INFORMATION SUPPLIED:

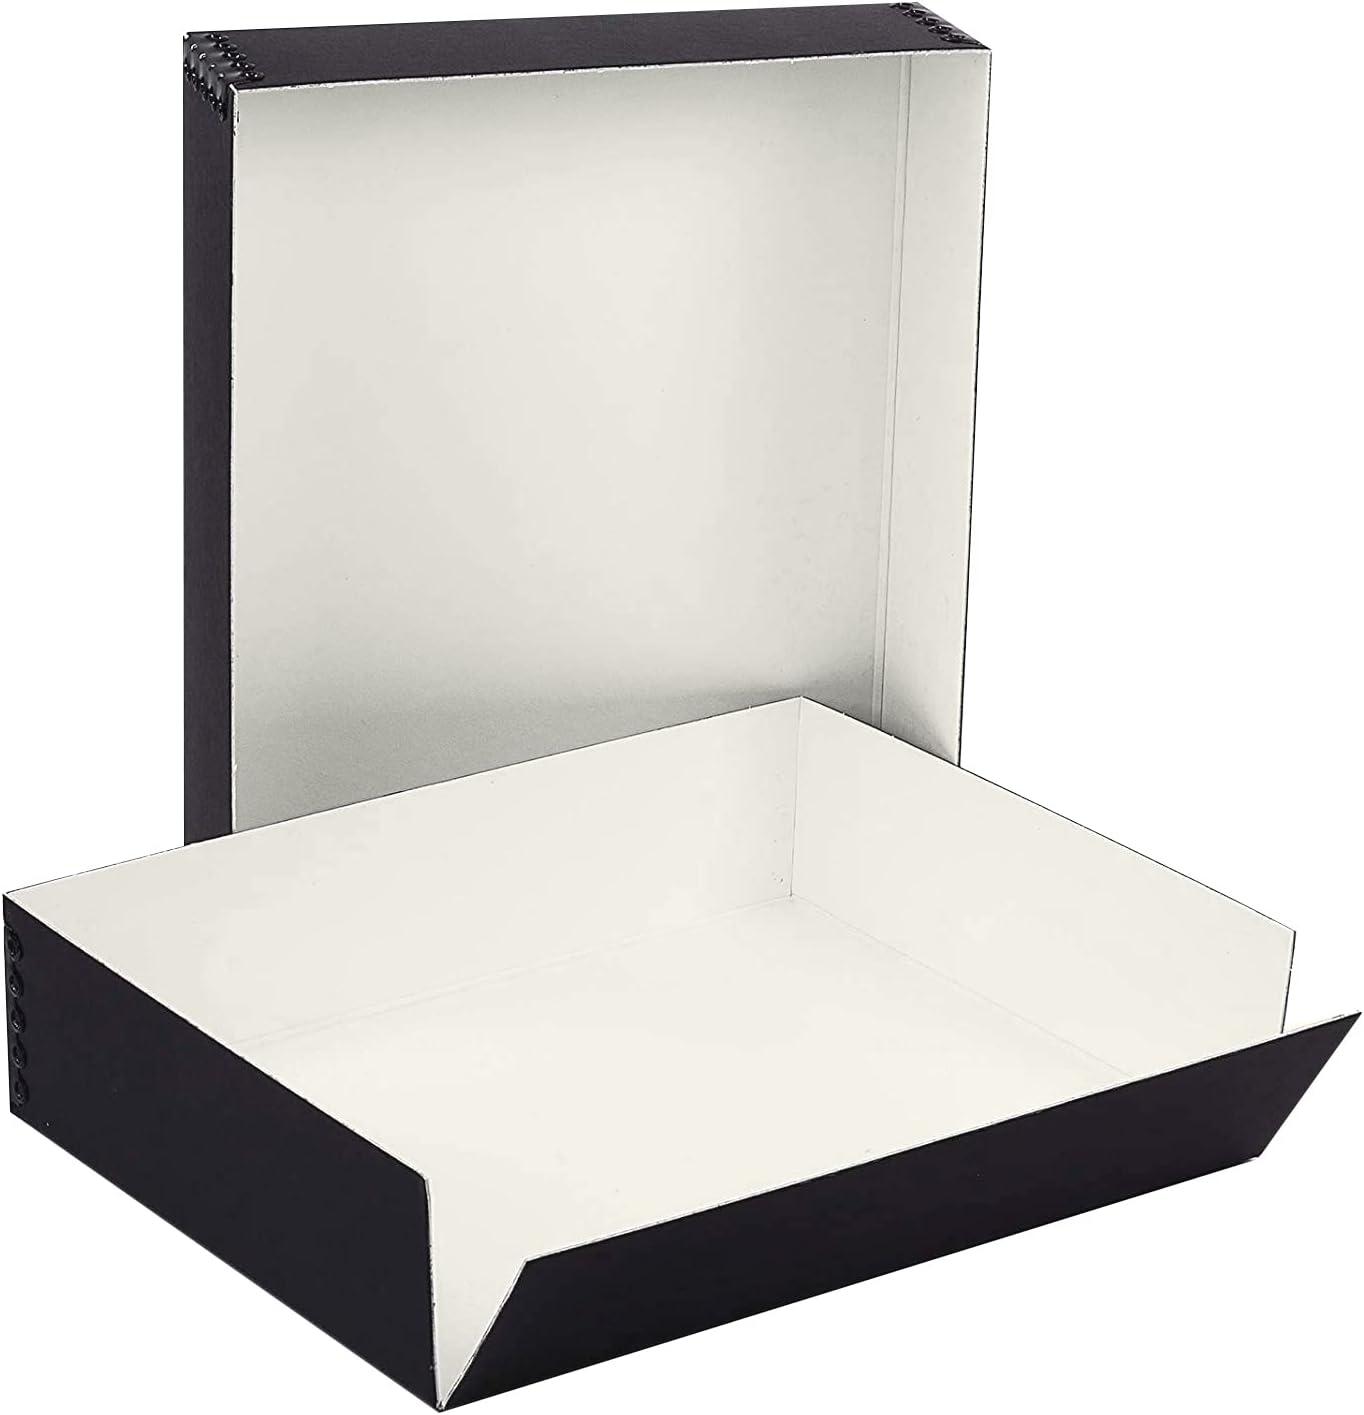 Lineco 9x12 Black Museum Archival Storage Box Drop Front Design
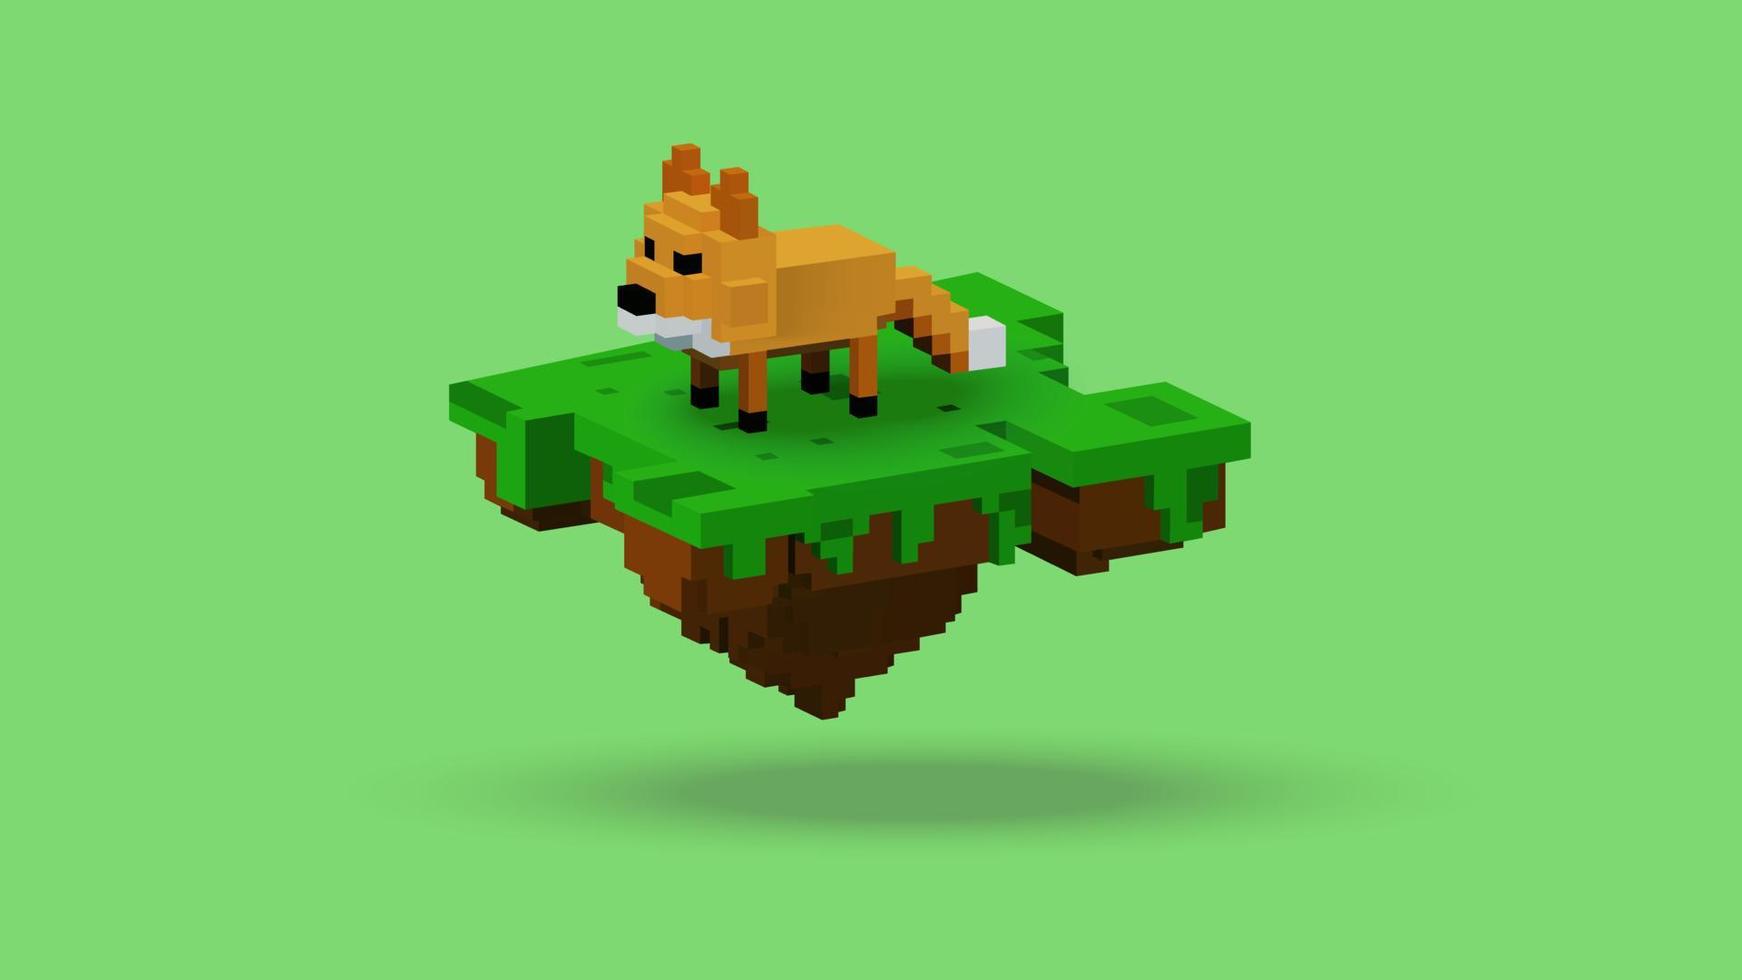 vectorafbeelding van 3D-rendering fox dier op drijvend eiland met voxel-stijl. met oranje, bruin, zwart, groen en wit kleurenschema. perfect voor referenties van gamekarakters vector
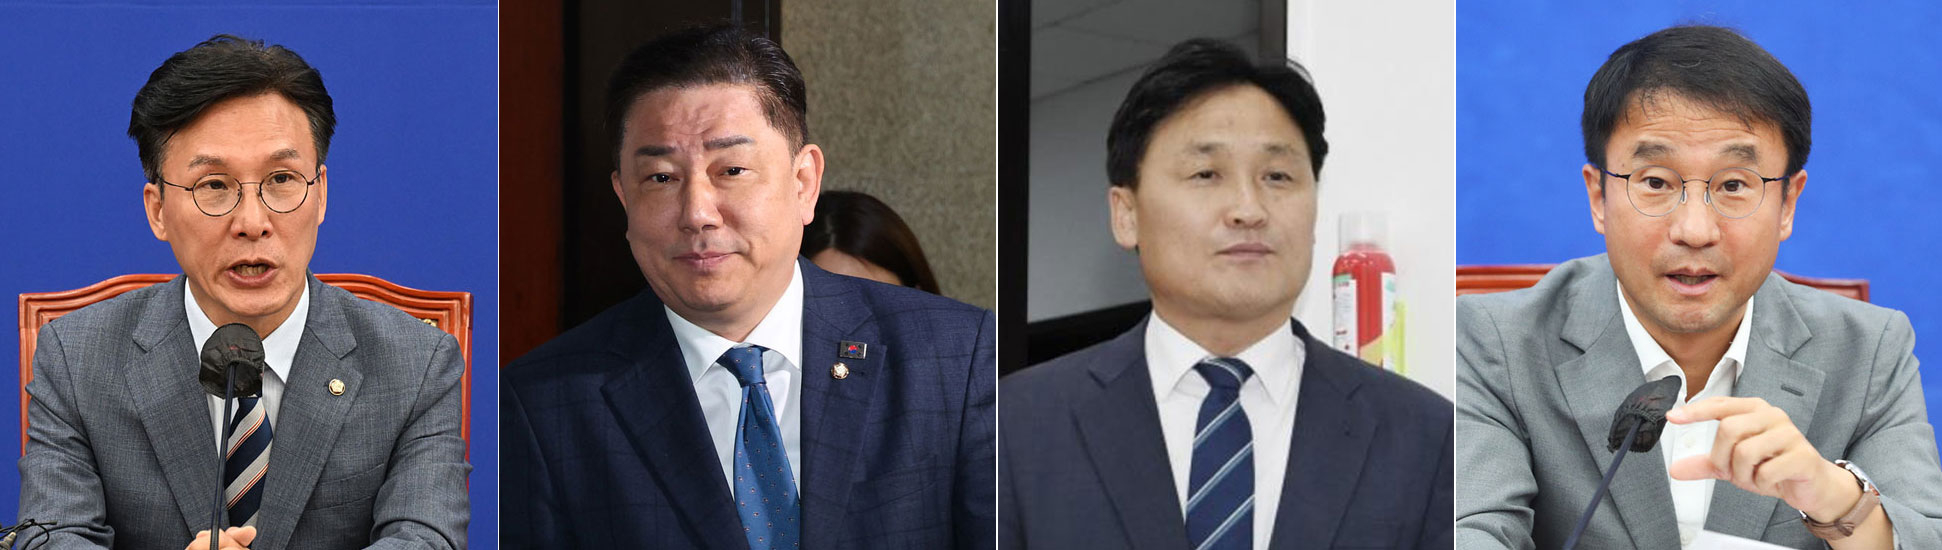 왼쪽부터 김민석-김병기-김영진-한병도 의원
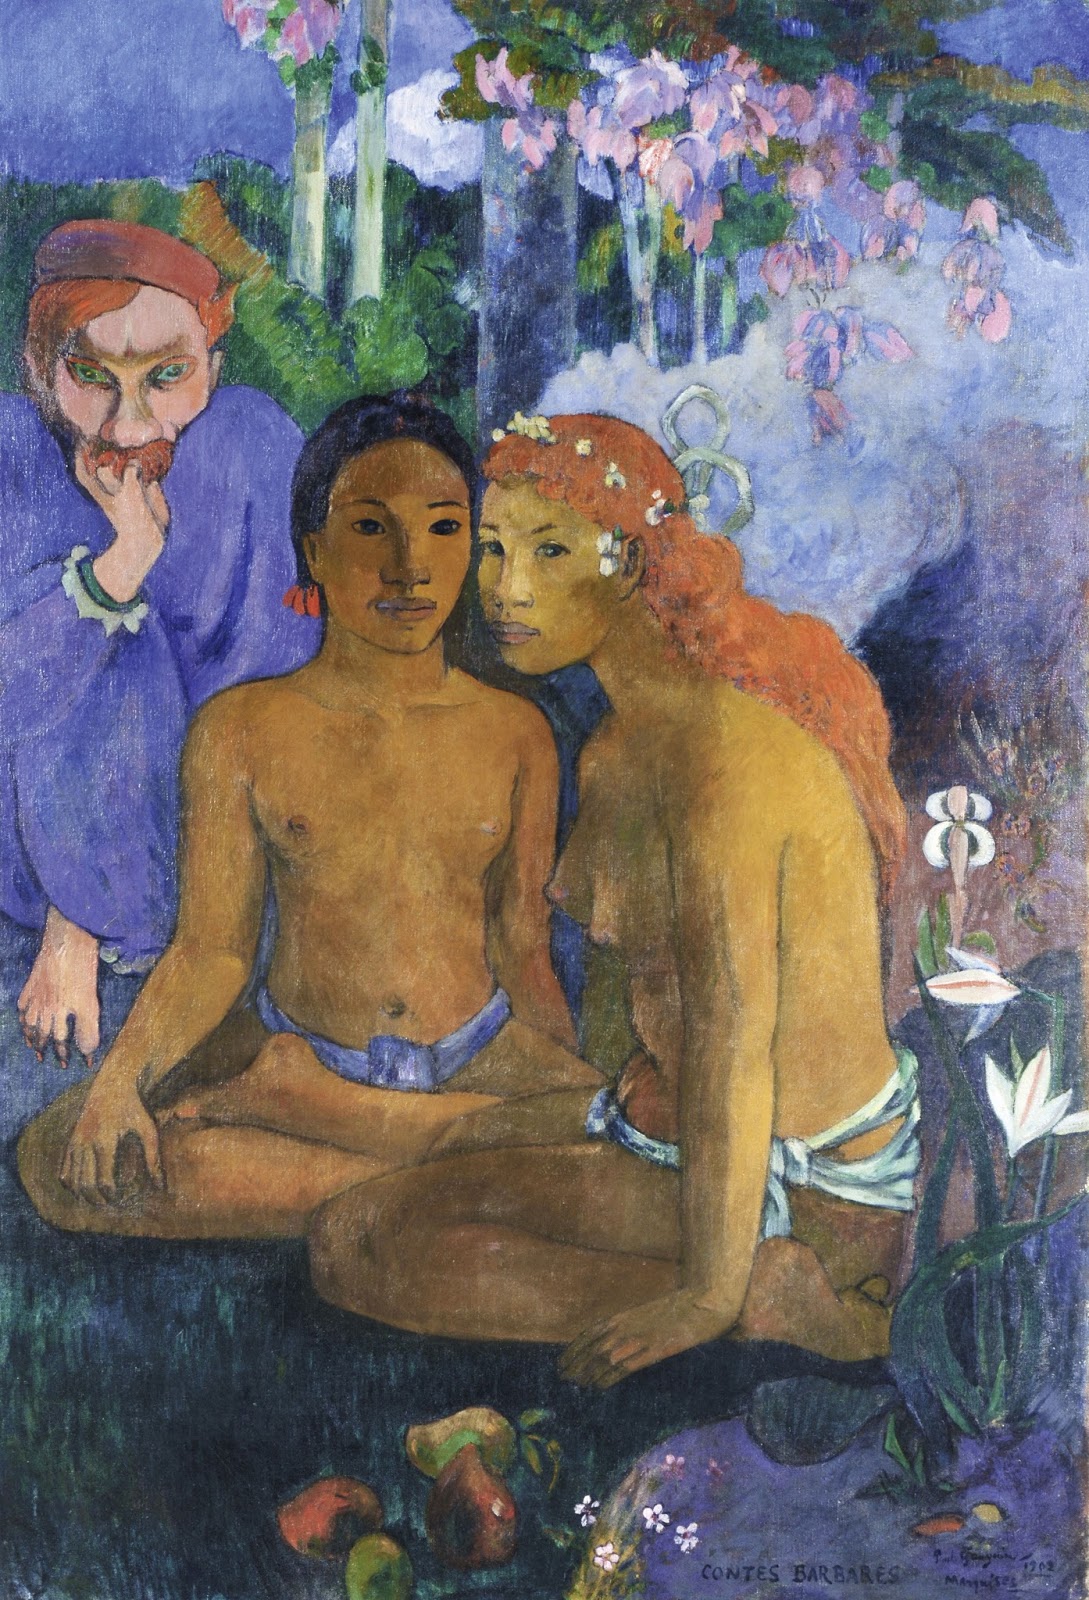 Paul+Gauguin-1848-1903 (314).jpg

TASK DIRECTIONS: Using the listing above, write out exactly the lines from the one that holds "vectorafbeelding van 3D-rendering" through the last line, both included, and omit pictures.

RESPONSE TO THIS TASK:
 vectorafbeelding van 3D-rendering fox dier op drijvend eiland met voxel-stijl. met oranje, bruin, zwart, groen en wit kleurenschema. perfect voor referenties van gamekarakters vector
 왼쪽부터 김민석-김병기-김영진-한병도 의원
 Paul+Gauguin-1848-1903 (314).jpg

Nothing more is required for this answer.